── Data block
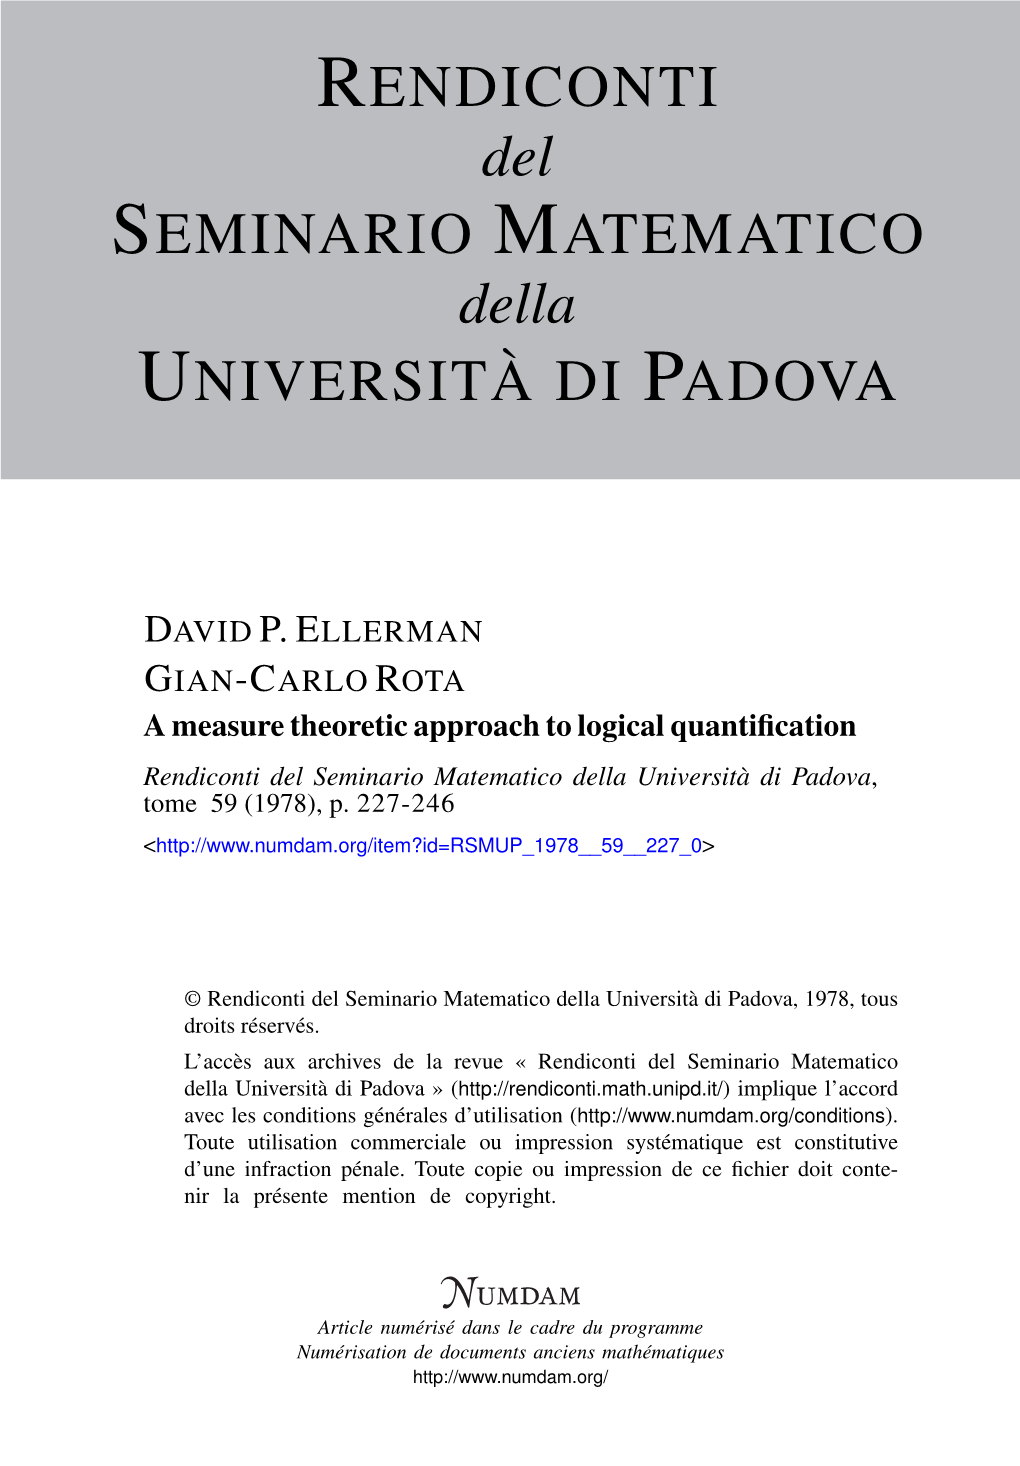 A Measure Theoretic Approach to Logical Quantification
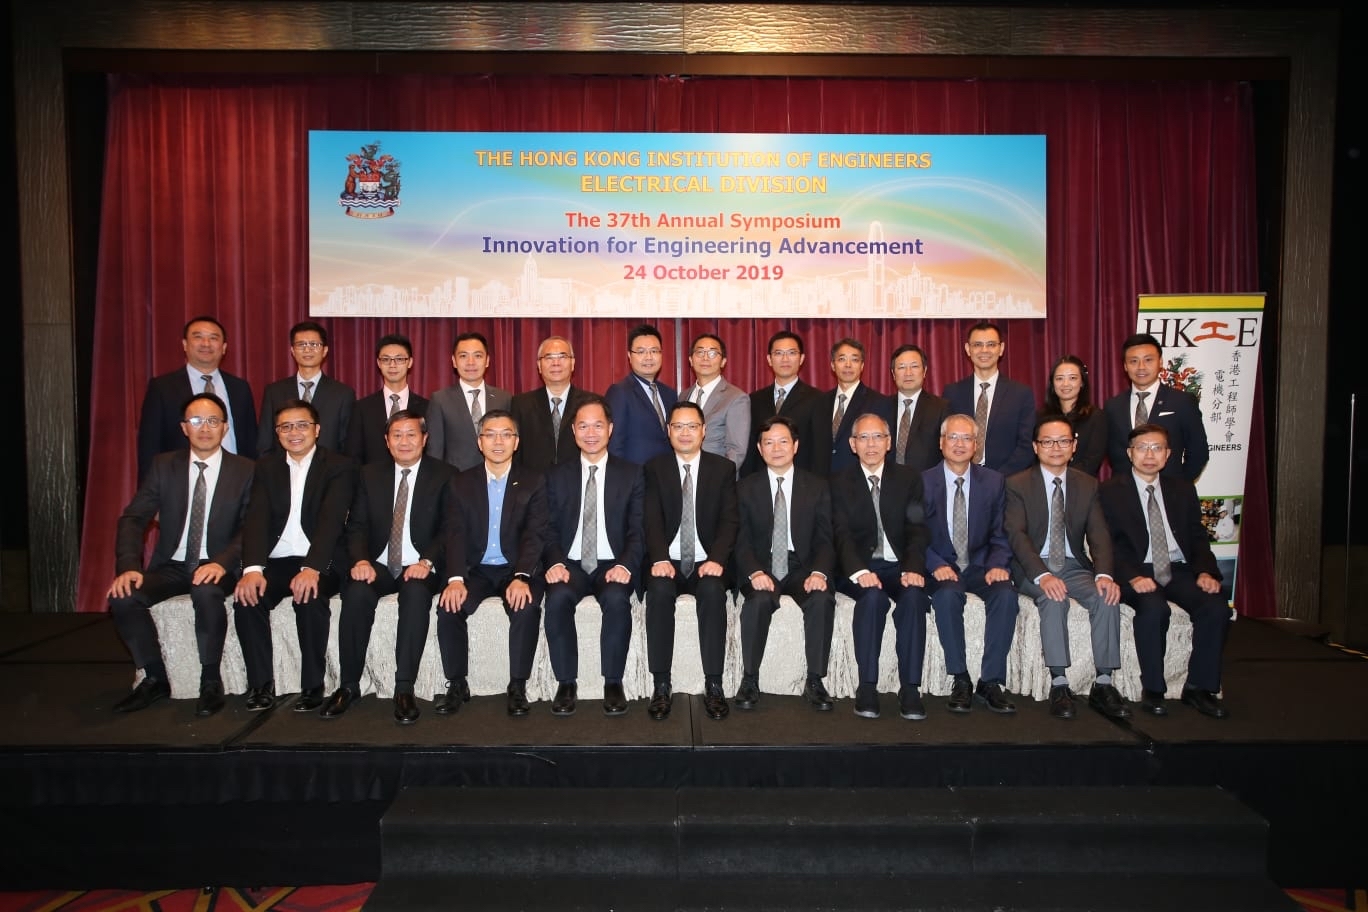 Candy (back row, second from right) joined the annual symposium of the Hong Kong Institution of Engineers in 2019 to discuss innovation alongside other industry practitioners
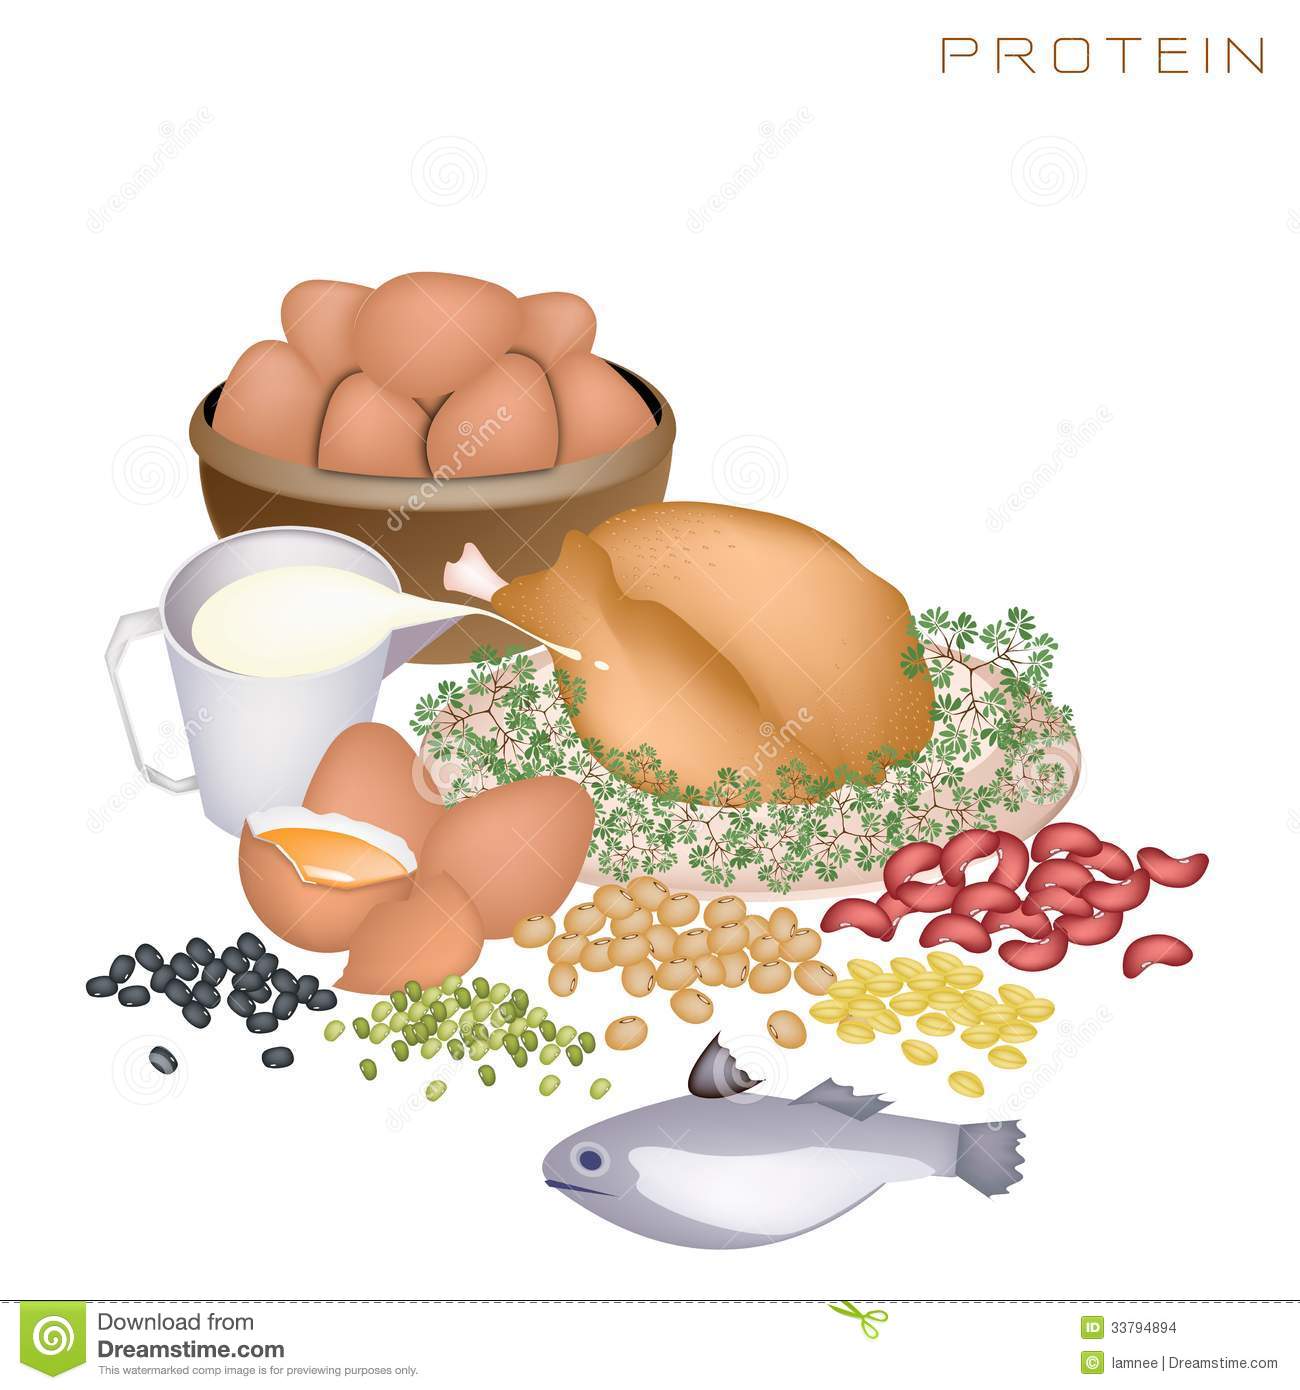 Protein Foods To Improve Nutrient Intake And Health Benefits Protein
────
Across the whole listing above, repeat each line exactly and leave out the images.

 A Measure Theoretic Approach to Logical Quantification
 Candy (back row, second from right) joined the annual symposium of the Hong Kong Institution of Engineers in 2019 to discuss innovation alongside other industry practitioners
 Protein Foods To Improve Nutrient Intake And Health Benefits Protein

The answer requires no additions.